Anti-EMMPRIN antibody treatment reduces MMP activity in the CNS. A–C, Inflamed vessels with numerous CD45+ cells both within the perivascular cuff and invading the CNS parenchyma (B; asterisk and arrow, respectively) were observed in cerebellum cryosections of EAE mice with no treatment or isotype control antibody treatment (A, C), double-immunofluorescence stained for pan laminin (green) and CD45+ (red). B, D, E, Immunofluorescence staining for pan laminin (red) coupled with in situ zymography (green) showed MMP activity corresponding to the sites where leukocytes infiltrate the glia limitans to enter the CNS parenchyma. F, In EAE mice treated with anti-EMMPRIN antibody, double-immunofluorescence staining showed CD45+ cells to be restricted to the perivascular cuff, with very little to no infiltration into the CNS parenchyma.
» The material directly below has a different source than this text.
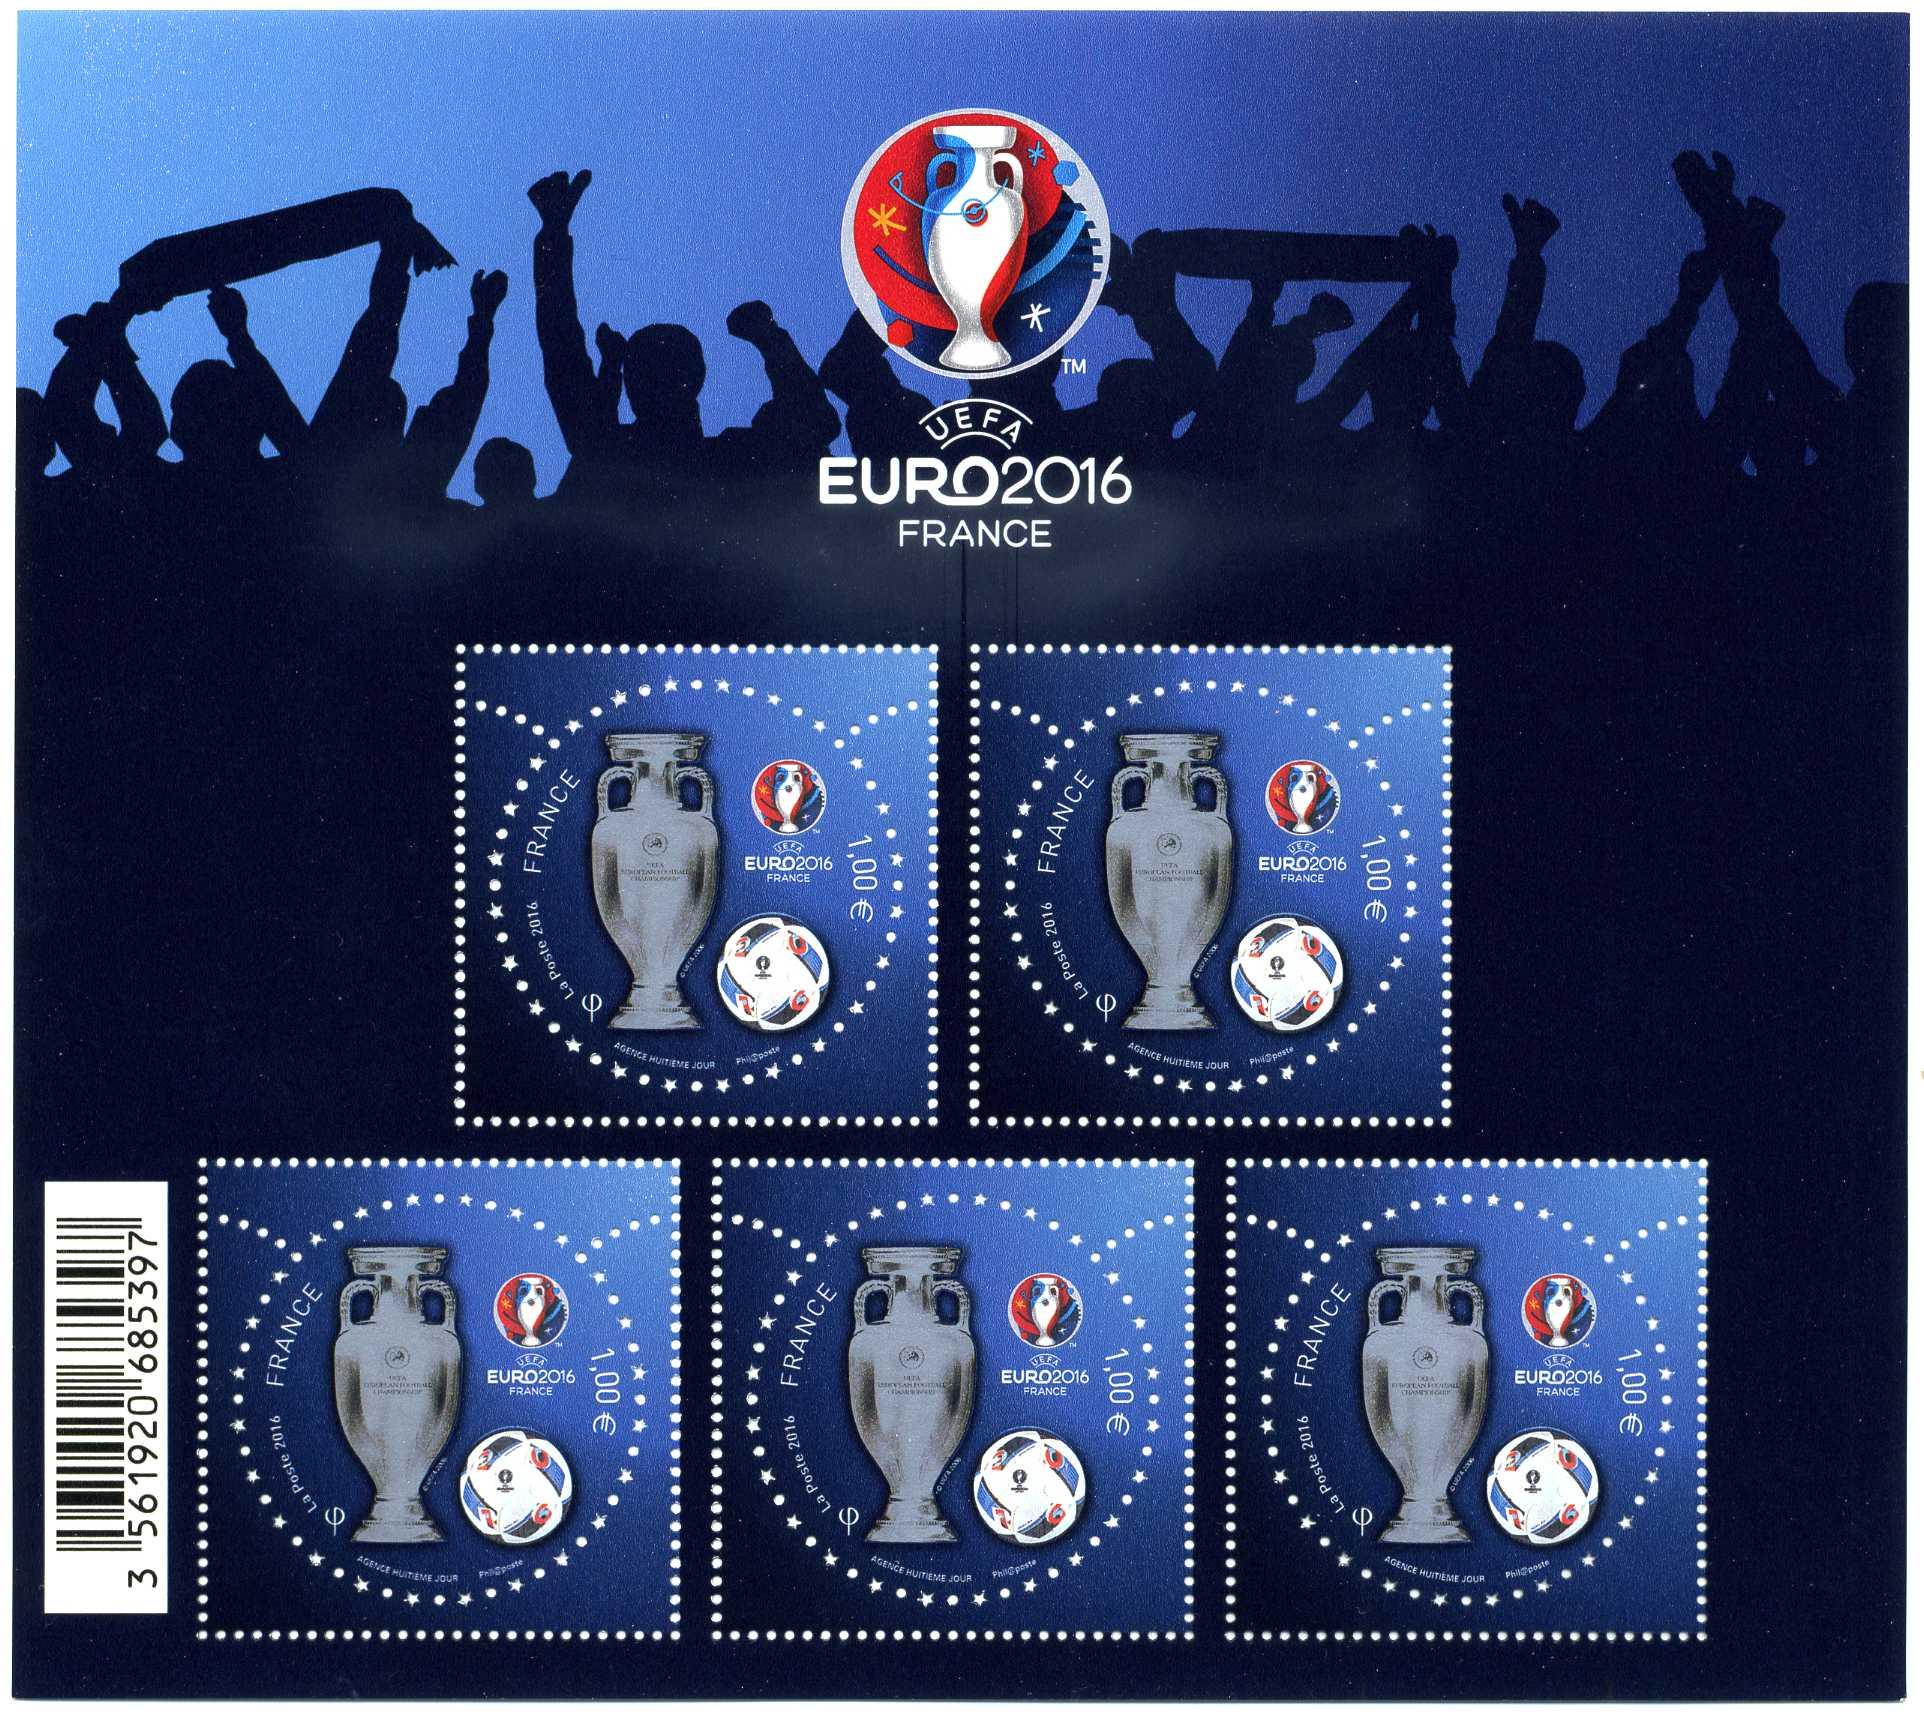 FR 236 2016 UEFA EURO2016.jpg

G–I, Immunofluorescence coupled with in situ zymography for MMP activity and gelatin gel zymography showed a reduction in MMP-2 and MMP-9 activity and levels with anti-EMMPRIN treatment. Coomassie blue was used to stain a nongelatin gel to verify equal sample loading on gel zymograms (I). In all cases, results are representatives from two independent experiments with at least three animals per treatment in each group.